▸ **Task brief**
Only the lines from the one containing "o protetor solar" through the last line below belong in your copy; transcribe them exactly and omit any pictures.

---------- Data shown ----------

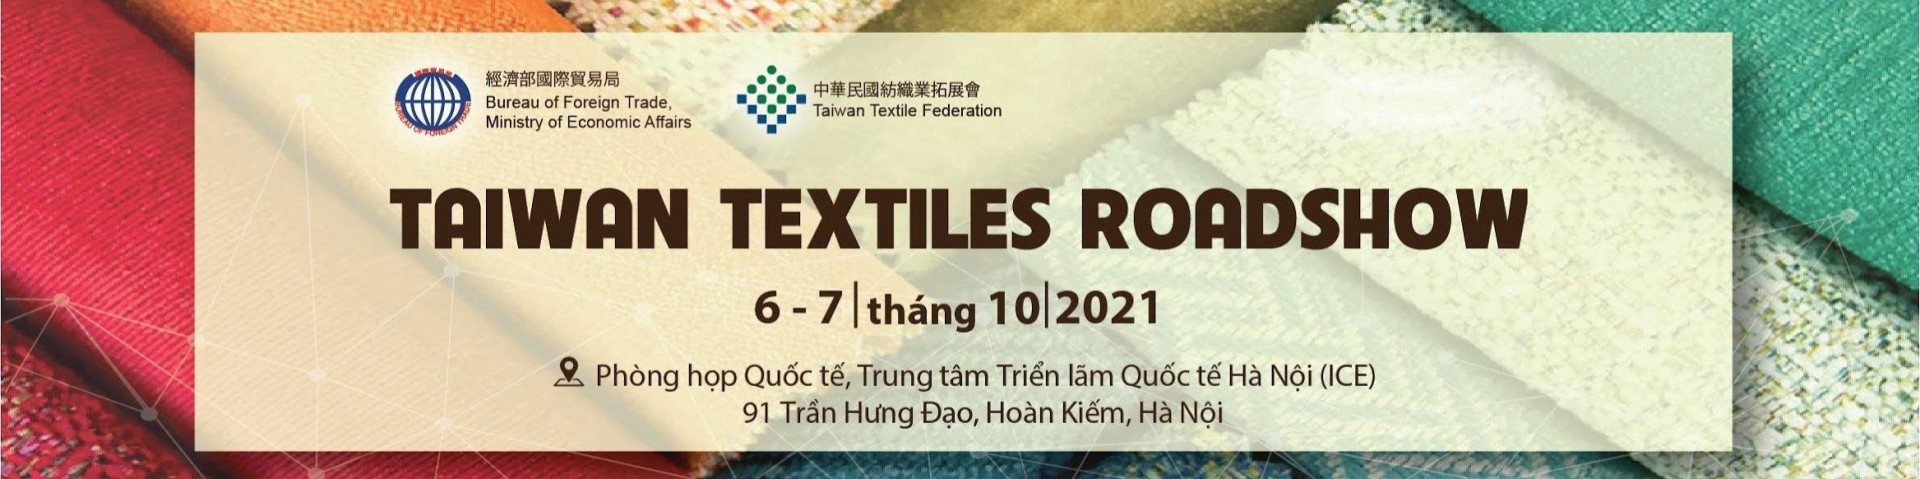 Taiwan Textiles Roadshow 2021 - Triển lãm & Hội nghị ngành Dệt May Việt Nam - Đài Loan
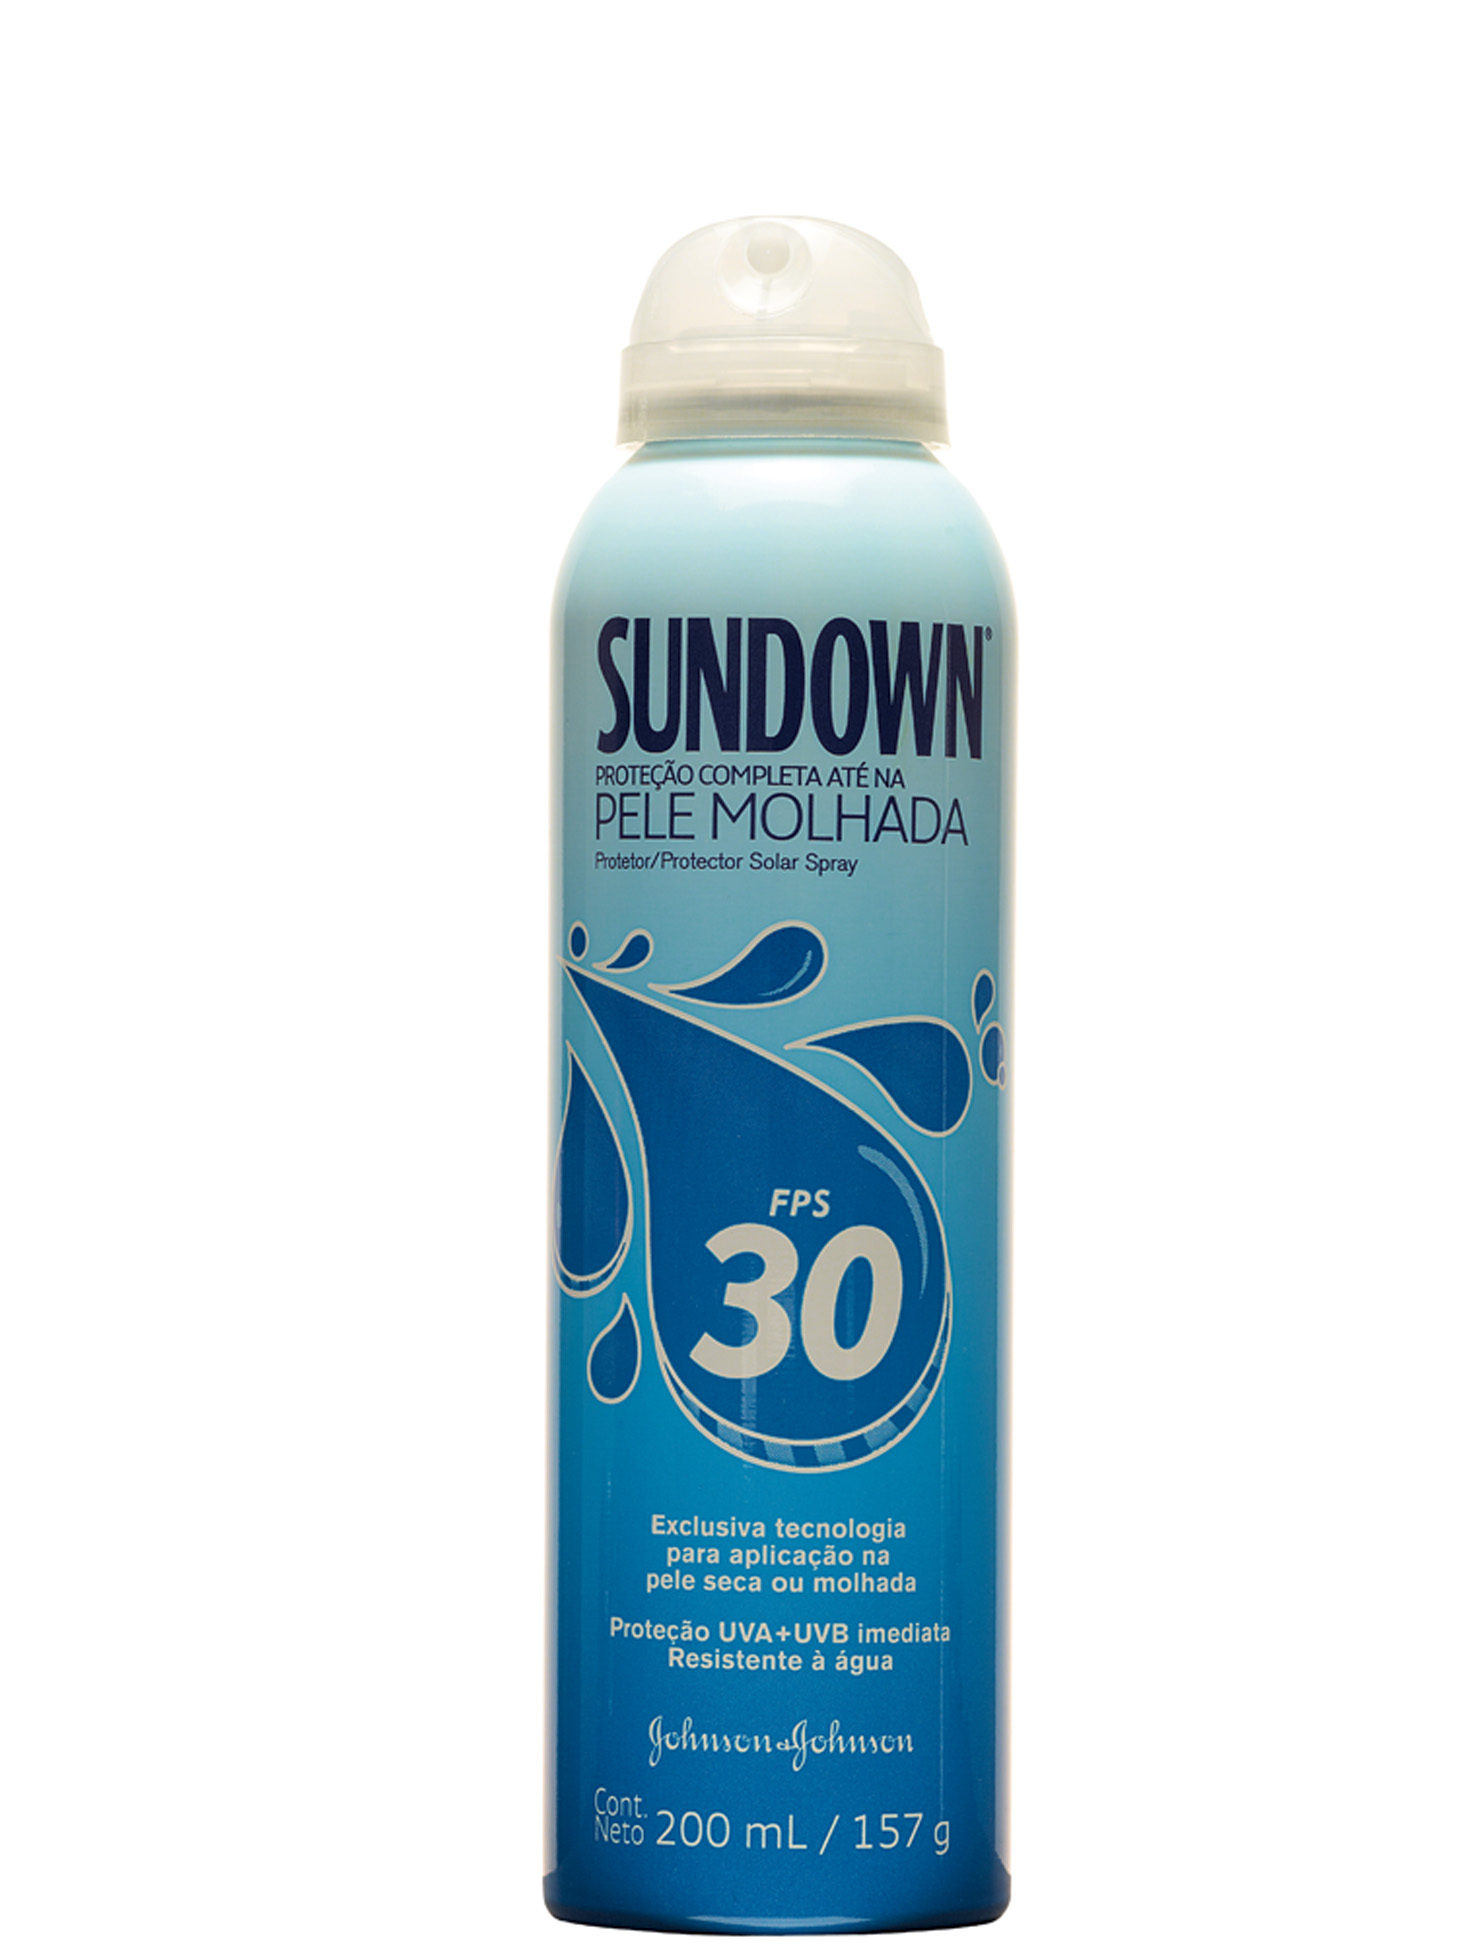 A jato  “Adoro o protetor solar em spray  da Sundown. Ele é ótimo e prático.  Uso principalmente quando vou correr”
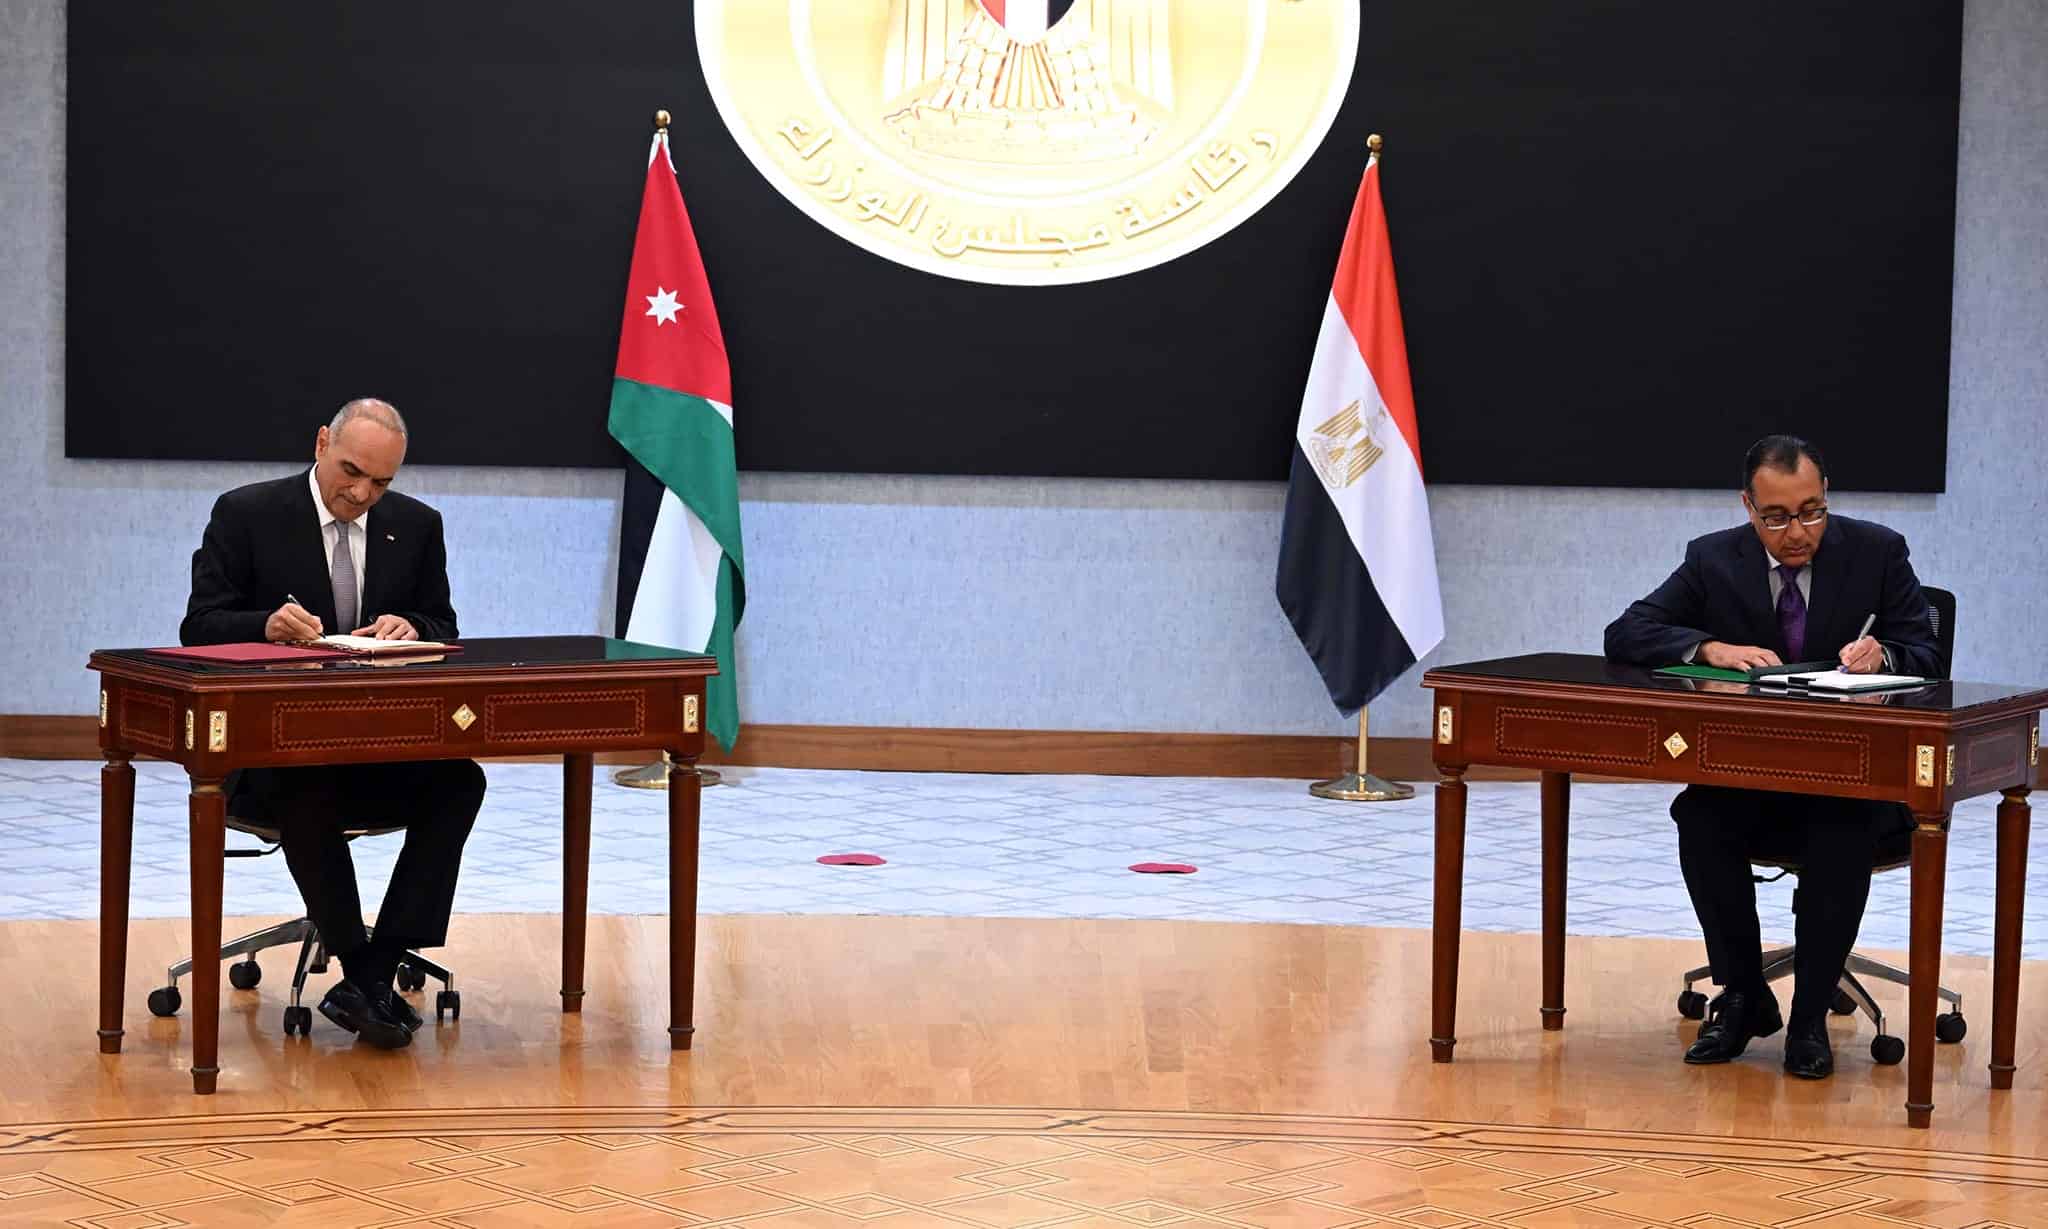 مدبولي يوقع محضر أعمال اللجنة العليا المصرية الأردنية المشتركة

----------

▸ **Response to this task**
 A jato  “Adoro o protetor solar em spray  da Sundown. Ele é ótimo e prático.  Uso principalmente quando vou correr”
 مدبولي يوقع محضر أعمال اللجنة العليا المصرية الأردنية المشتركة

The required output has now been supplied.